Фон Шёнгаузен еще до первой мировой войны начал работать в разведке.

Он побывал во многих странах, хорошо владел несколькими европейскими языками. А главное — накопил колоссальный опыт разведывательной работы. Его слабостью были воспоминания. Он очень любил молодым сослуживцам-разведчикам рассказать истории из своей практики. Никогда не скажешь, что этому на вид безобидному старику приходилось убивать людей. С особенным смаком и под большим секретом он делился с подчиненными историей о том, как еще во времена первой мировой войны, будучи в нейтральной стране, он зарезал в купе поезда бельгийского дипкурьера и завладел его сумкой с важными документами. Но об этом он рассказывал только в редкие приливы откровенности. Фон Шёнгаузен предпочитал выставлять себя сторонником гуманных методов работы. Его помощники, пришедшие в разведку из отрядов штурмовиков, старались перенять у него многое, прислушивались к его советам, но считали шефа слишком несовременным. А старый аристократ считал, что эти выходцы из буржуазных семей недостойны общения с ним, но терпел их как явление времени. Точно так же он рассматривал и Геккерта — сына баварского пивовара. Отто Геккерт был почти наполовину моложе своего шефа, но по опыту в заплечных делах почти не уступал ему.

VII

Через несколько дней после того как Сергеев переселился в дом Ходжи Али, он услышал шаги за дверью в соседней квартире. Следовательно, появился сосед или соседка.

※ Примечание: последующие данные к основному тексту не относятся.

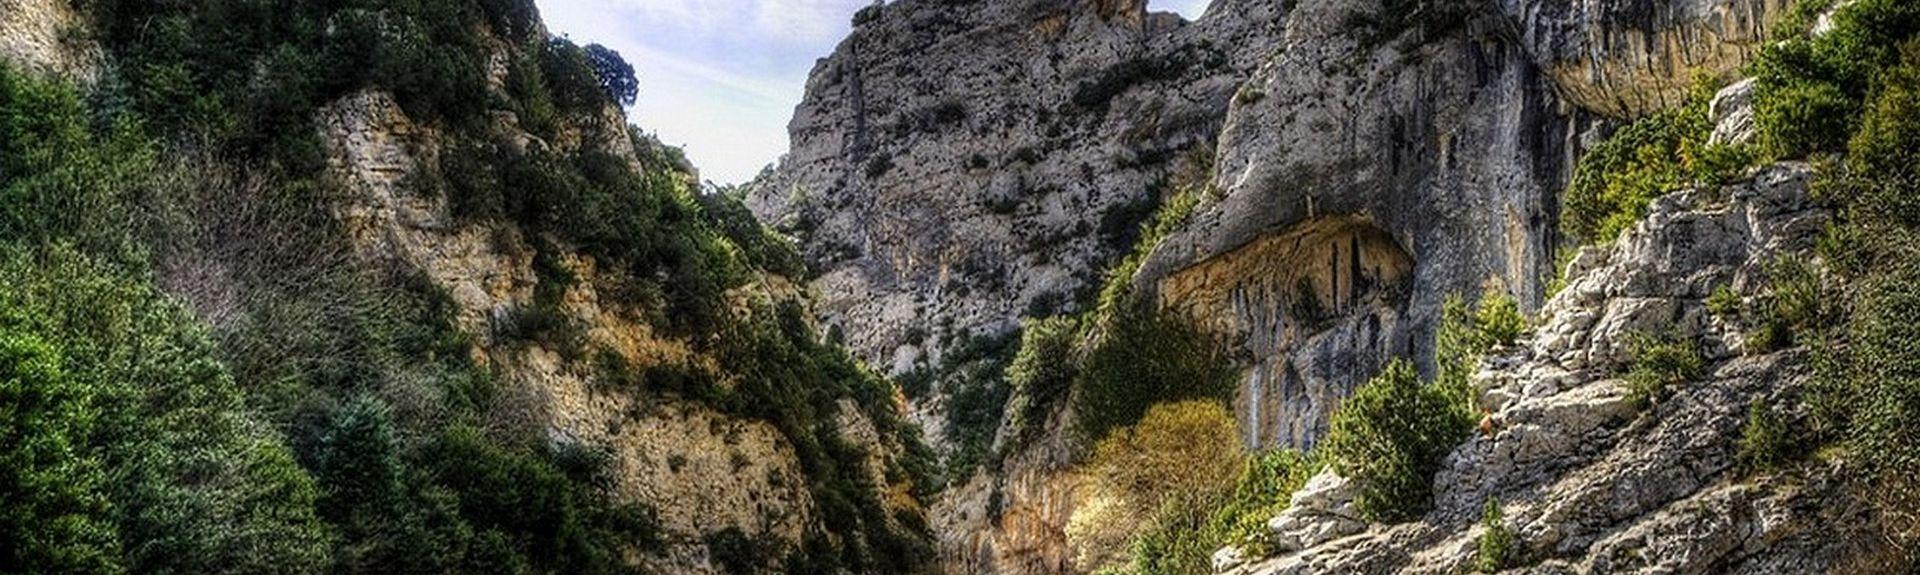 Casbas de Huesca, Aragón, Spagna

Поздно вечером, когда Сергеев уже готовился ко сну, раздался стук в эту дверь.

— Войдите, — отозвался Сергеев.

Порог перешагнул Геккерт. Театрально размахивая руками, он шагнул в сторону сидящего в кресле Сергеева.

— Отто Геккерт, майор германской разведывательной службы, — представился неожиданный гость.

Сергеев встал с места, не зная что сказать.

— Сидите, герр Сергеев, сидите, нам предстоит длинный разговор.

Сергеев опустился в кресло. Геккерт плюхнулся в соседнее.

— Вы, наверное, удивлены столь бесцеремонным вторжением и откровенностью, с которой я назвал себя. Мне незачем скромничать. Через несколько минут вы все равно поймете, что я нахожусь в Иране не для торговли горшками.

Сергеев с интересом рассматривал Геккерта. Тот отметил, что руки Сергеева, лежавшие на подлокотниках, слегка дрожали. «Волнуется... Моего прихода, конечно, не ожидал», — подумал Геккерт.

— Буду говорить прямо. Нас очень заинтриговало то, что вы скрываете от своих соотечественников знание немецкого языка.

— Откуда вам известно это? Ходжа Али? — взволнованно перебил его Сергеев.

— Да, этот старик проболтался нашему человеку.

Сергеев вскочил с кресла.

— Он, значит, разболтал об этом и в торгпредстве.

— Сядьте, герр Сергеев, успокойтесь. Это исключено. Наш человек тут же приказал Ходже Али держать язык за зубами, пригрозив возможностью потерять льготы при покупке германских товаров. А вы знаете, каждый иранец, несмотря на свою страсть посплетничать, становится безмолвным камнем, если ему угрожает убыток.

Сергеев вынул платок и вытер лоб.

— Вернемся к теме нашего разговора. Каковы же причины, заставляющие вас скрывать, что знаете немецкий язык?

— Вряд ли эти обстоятельства могут быть интересными для германской разведывательной службы.

— Разрешите об этом судить нам.

— Я все же не вижу необходимости давать объяснения по этому поводу.

— Герр Сергеев, вы разговариваете не с Ходжой Али. Мы отлично понимаем, чем чреваты последствия, если то, что вы скрываете, станет достоянием ваших шефов. Прошу не толкать нас на крайние меры.

Сергеев задумался.

Геккерт не спускал с него глаз. Вынул портсигар, вытащил оттуда сигарету, закурил.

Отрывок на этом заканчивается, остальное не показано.